Она снова мило улыбнулась, и с тех пор мы часто встречались в ее или моем саду. Говорили, как всякие женщины, об очень многих вещах. Ее два сына владели одной лодкой, но мужа у нее не было, он погиб в море много лет назад.
— Как же это было тяжело, — сказала я сочувственно. — Сколько лет было тогда мальчикам?
Мальчики тогда ходили в школу, но лодка, на которой погиб отец, перешла в их собственность. Когда истек срок страховки, они получили деньги и купили новую лодку.
— Их не интересует земля, моих сыночков, — сказала она.
Была у нее еще и дочь, продававшая рыбу в «Альянсе».
Тут я заинтересовалась и рассказала, что я много лет там проработала, да, собственно, до прошлого года.
— Правда, в последнее время я работала только по субботам.
Она знала об этом, так как ее дочь видела меня на рынке и очень этому удивлялась.
— Почему?
— Ну ты же из образованных, — сказала София.
— Ничего ты не знаешь, — ответила я и, не успев даже подумать, рассказала ей, что росла в Хаге, рассказала о матери и братьях, об отце, который умер, когда я была еще ребенком. Ей понравилась моя история, и она в ответ рассказала свою — о детстве в рыбацкой деревушке, где отец, братья, двоюродные братья и соседи — все ходили в море, добывая хлеб насущный. Это был мужской мир, он целиком и полностью опирался на мужчин, на их силу и умение. Но я поняла, что она никогда не знала унижения и не страдала женскими обидами.
— Потом я была спасена, — сказала она, и лицо ее просияло.
Я была озадачена, но не отважилась задать вопрос, понимая, что она слишком умна, чтобы питать наивную веру в чудеса на Троицу.
Не говоря уже о предрассудках.
Я не помню, в каком году это было, когда весенний шторм превратился в ураган и море, выйдя из берегов, перекатывалось через мостки и дома, в щепки разбивало лодки и рвало причальные цепи.
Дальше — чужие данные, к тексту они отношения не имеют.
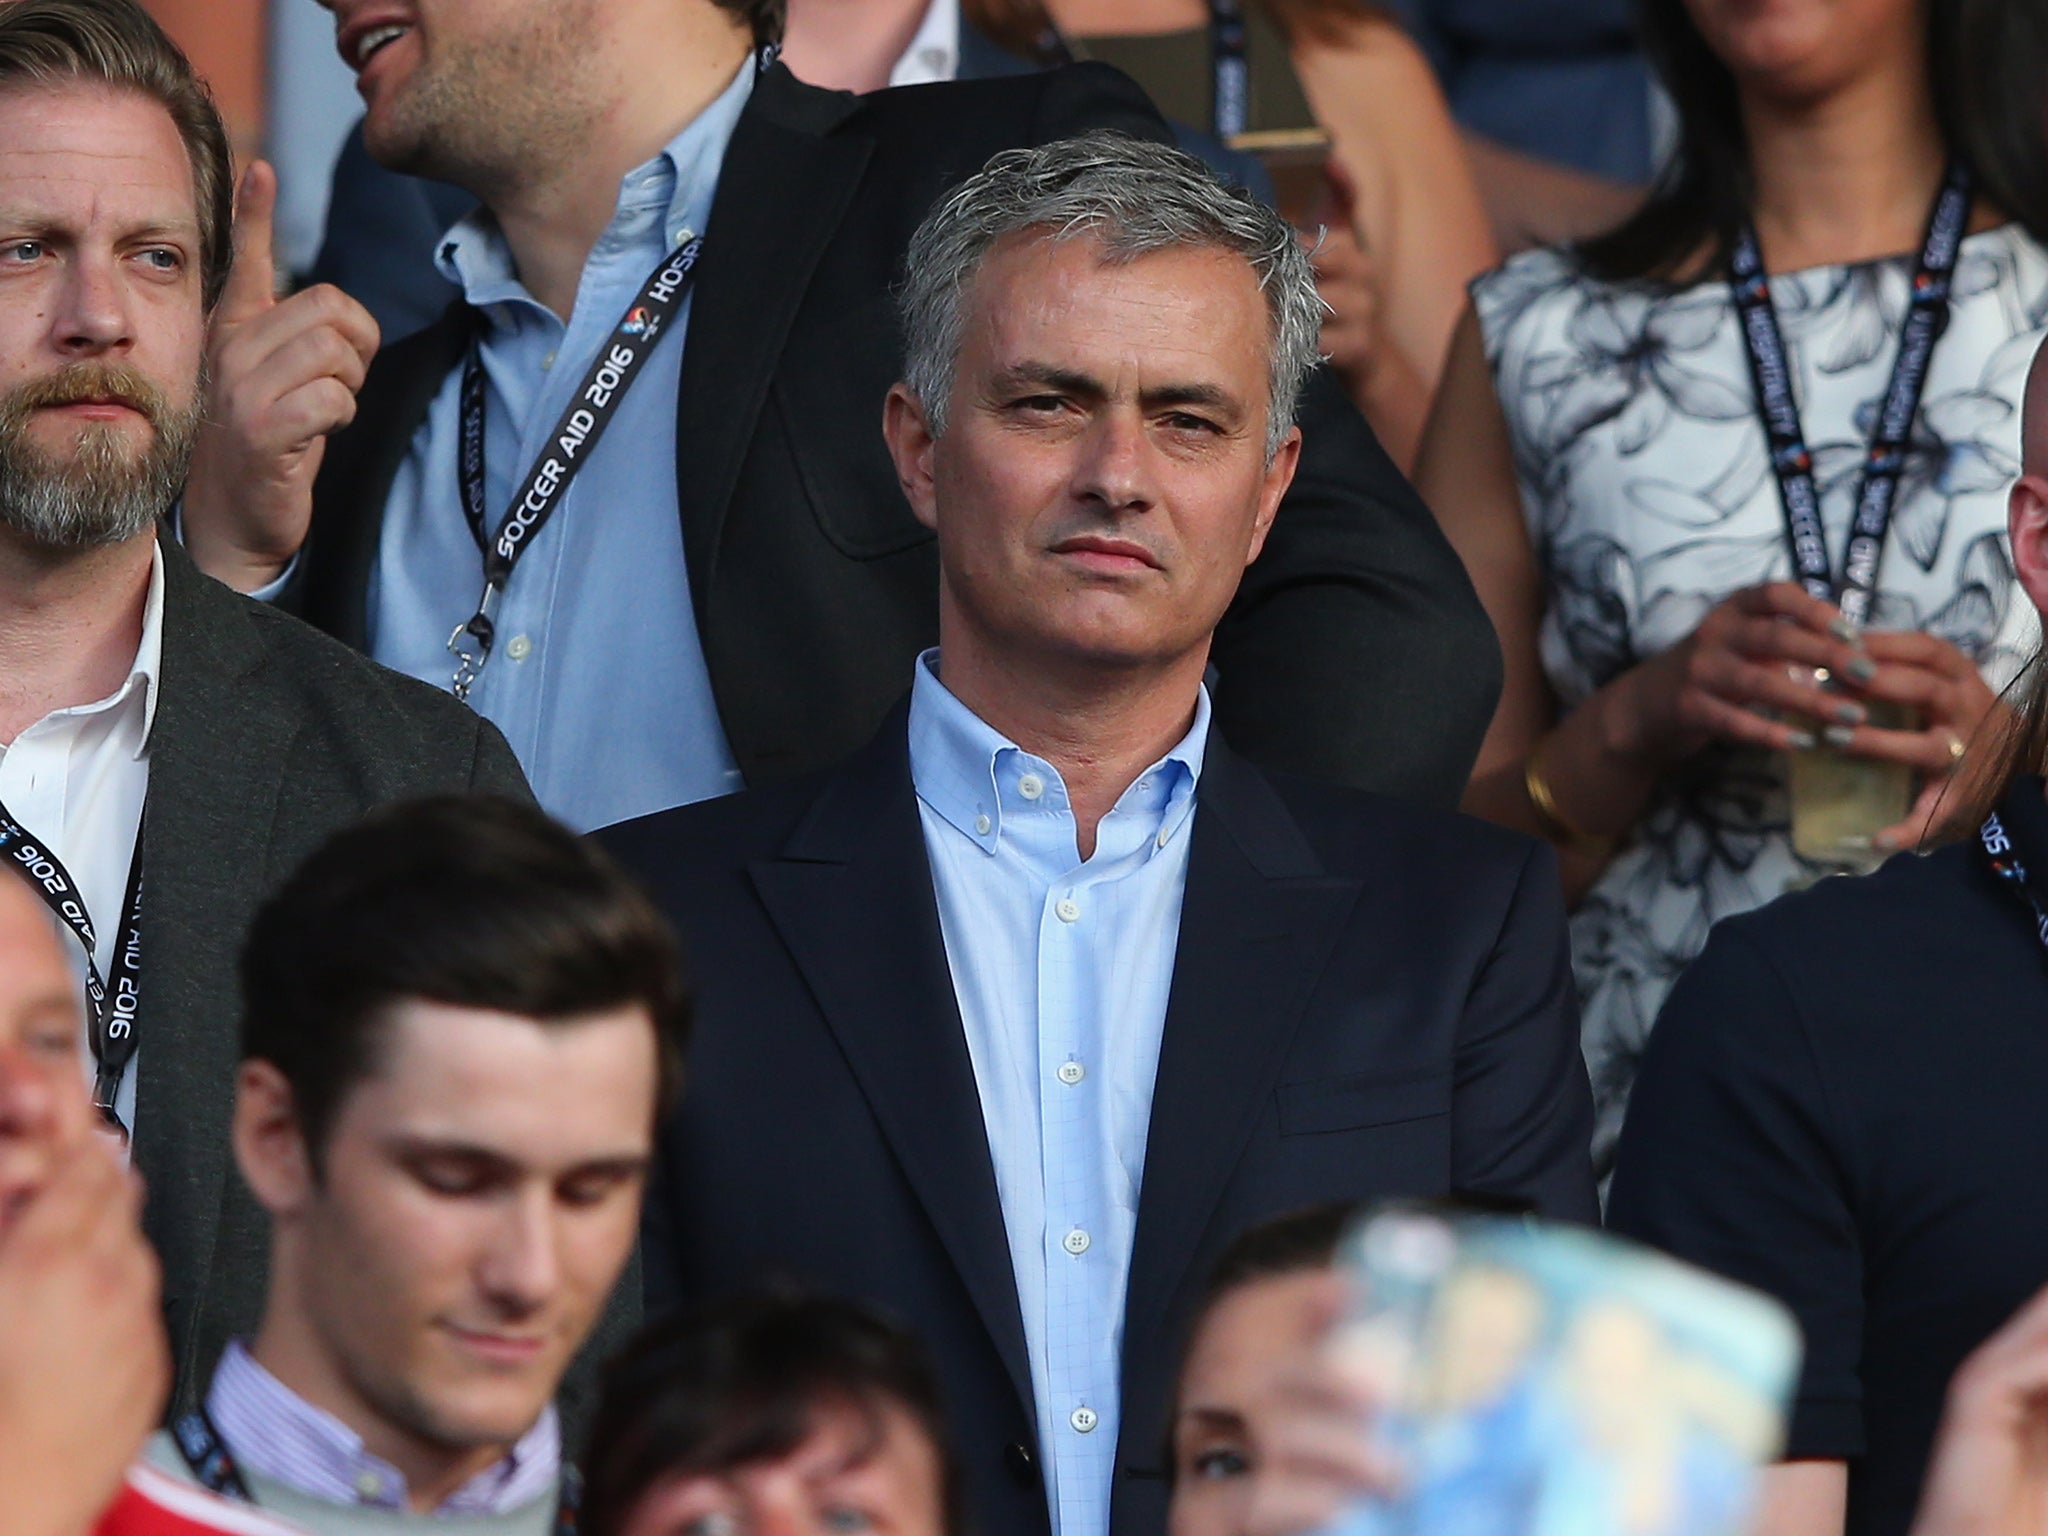 Mourinho is expected to give evidence at some stage of proceedings

Слава богу, что наши съестные припасы находились не со стороны моря, а в хорошо укрепленном ларе с подветренной стороны, между домом и горой. Но брезент, которым он был укрыт, был сорван ветром и взлетел в воздух, как огромная черная птица.
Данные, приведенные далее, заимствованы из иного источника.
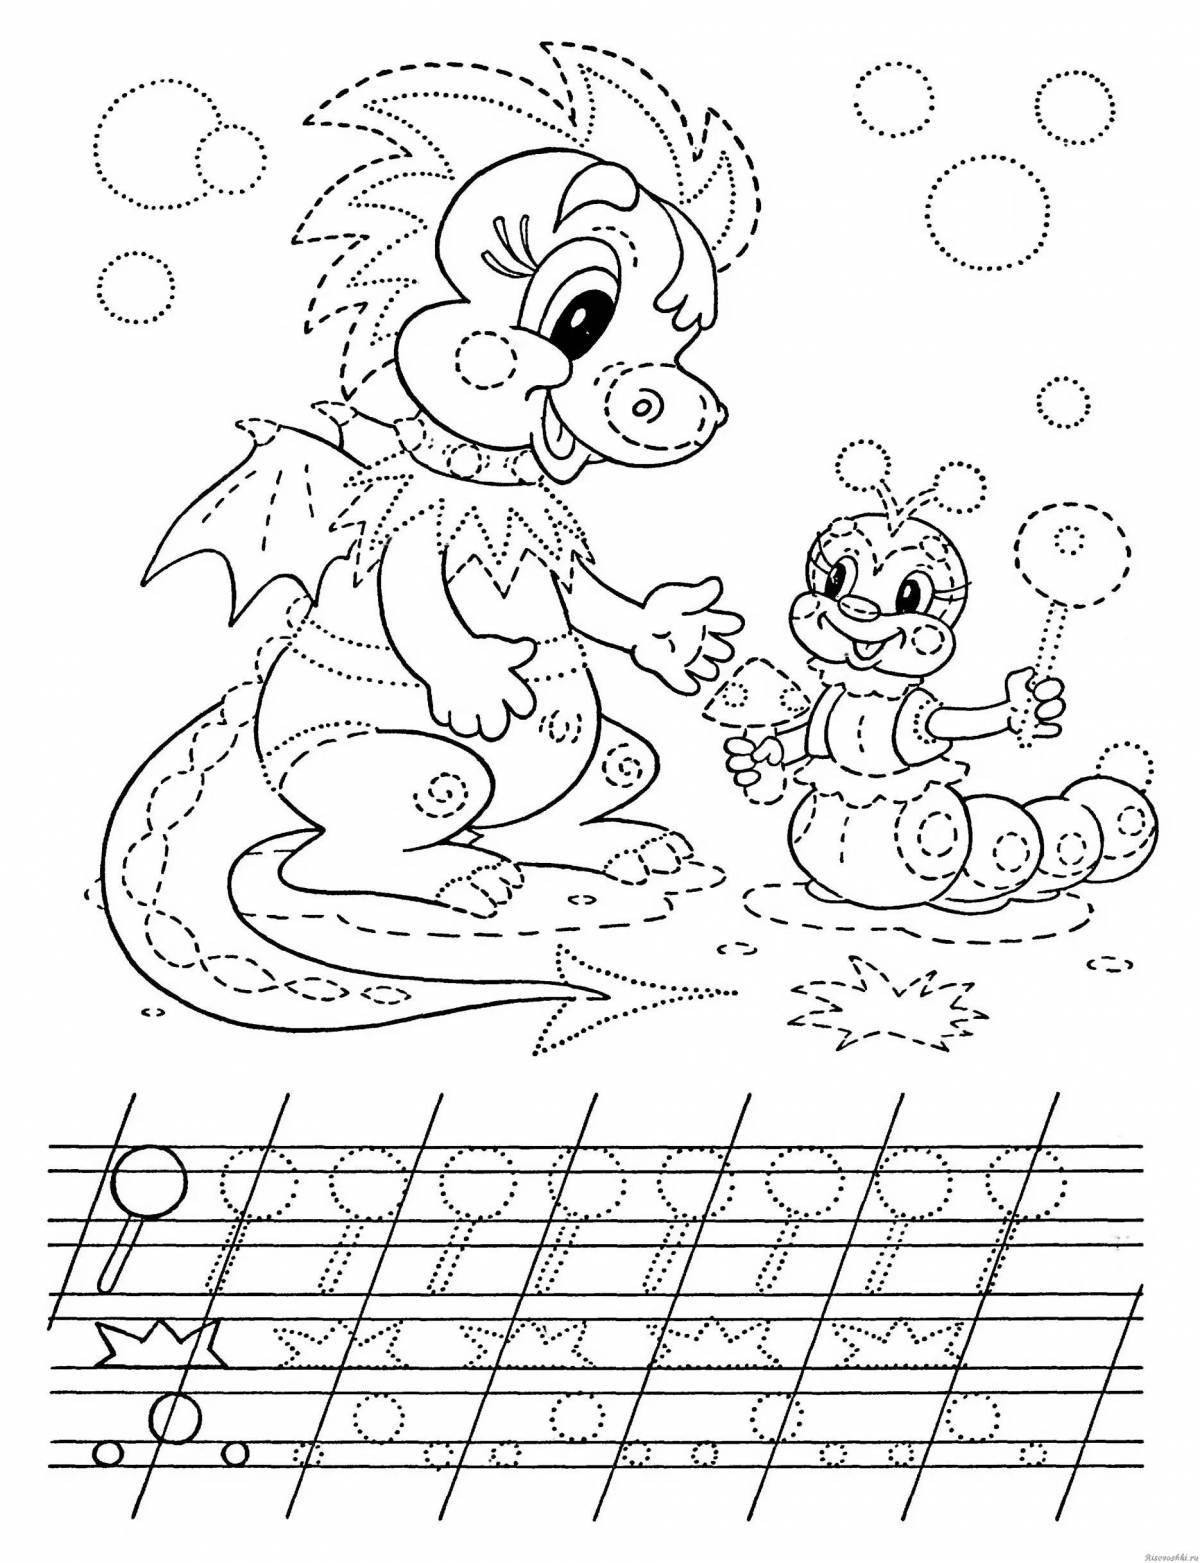 Inspirational coloring pages for girls educational

Ураган свирепствовал трое суток, а когда он наконец ушел дальше, я обошла сад и пережила ужас. Старые яблони были сломаны. Розы стояли в соленой воде, которая во время урагана перелилась через стену и осталась на участке. Соседка крикнула:
— Ты слышала, что одну лодку унесло в море вместе с экипажем?
Я задрожала всем телом и, включив радио, услышала то, чего больше всего боялась. Это была лодка с сыновьями Софии. Я выкопала свои самые лучшие розы, пошла в рыбацкую деревню и постучалась в дверь Софии.
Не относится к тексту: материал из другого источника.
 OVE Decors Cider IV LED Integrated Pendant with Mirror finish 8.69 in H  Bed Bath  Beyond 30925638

В доме было много женщин. Они молились за души ее мальчиков.
София была бледна и надломлена. Она не плакала, плакала я, когда, протянув ей цветы, прошептала сквозь слезы:
— Чем я могу тебе помочь?
— Ничем, они теперь у Бога, — ответила она.
Вернувшись домой, я расплакалась еще сильнее. Бог жесток, как всегда говорила моя мать, если он вообще существует.
Я так и не смогла помочь Софии. Но если бы ее не было в тот год, когда мама лежала у меня в доме и умирала, то, думаю, я бы не справилась.
Каждое лето Анна привозила к нам с Арне Марию, и между ней и мной установились отношения, о которых я всегда мечтала. Мы неторопливо бродили по окрестностям и открывали все новые и новые места в горах и на берегу моря. Господи, как же много на свете вещей, перед которыми можно застыть в благоговейном восхищении: огромные, красивые в своей дикости валуны, полевые цветы, которых мы никогда прежде не видели. Мы рвали их и украшали ими дом. Я уже не говорю о червях и насекомых. Головастиков мы ловили и пускали в тазик в подвале. Головастики потом куда-то исчезали, но я не говорила Марии, что их съедает кот.
Девочка очень его любила.
На каждое Рождество мы ездили в Стокгольм. Рикард и Анна успокоились, отношения между ними стали лучше. Но я по-прежнему не рисковала задавать вопросы. Анна ждала ребенка.
— В мае у нас будет еще одна девочка, — сказал Рикард.
— Откуда ты знаешь, что это будет не мальчик? — спросил Арне.
— Анна уверена. У женщин из дальсланского рода есть какие-то мистические способности.
Арне только покачал головой, но потом рассказал Рикарду, как Астрид еще в середине тридцатых сказала, что нацисты будут маршировать по улице Карла-Юхана.
Мы договорились, что заберем Марию весной к себе. Я приеду на поезде и возьму ее.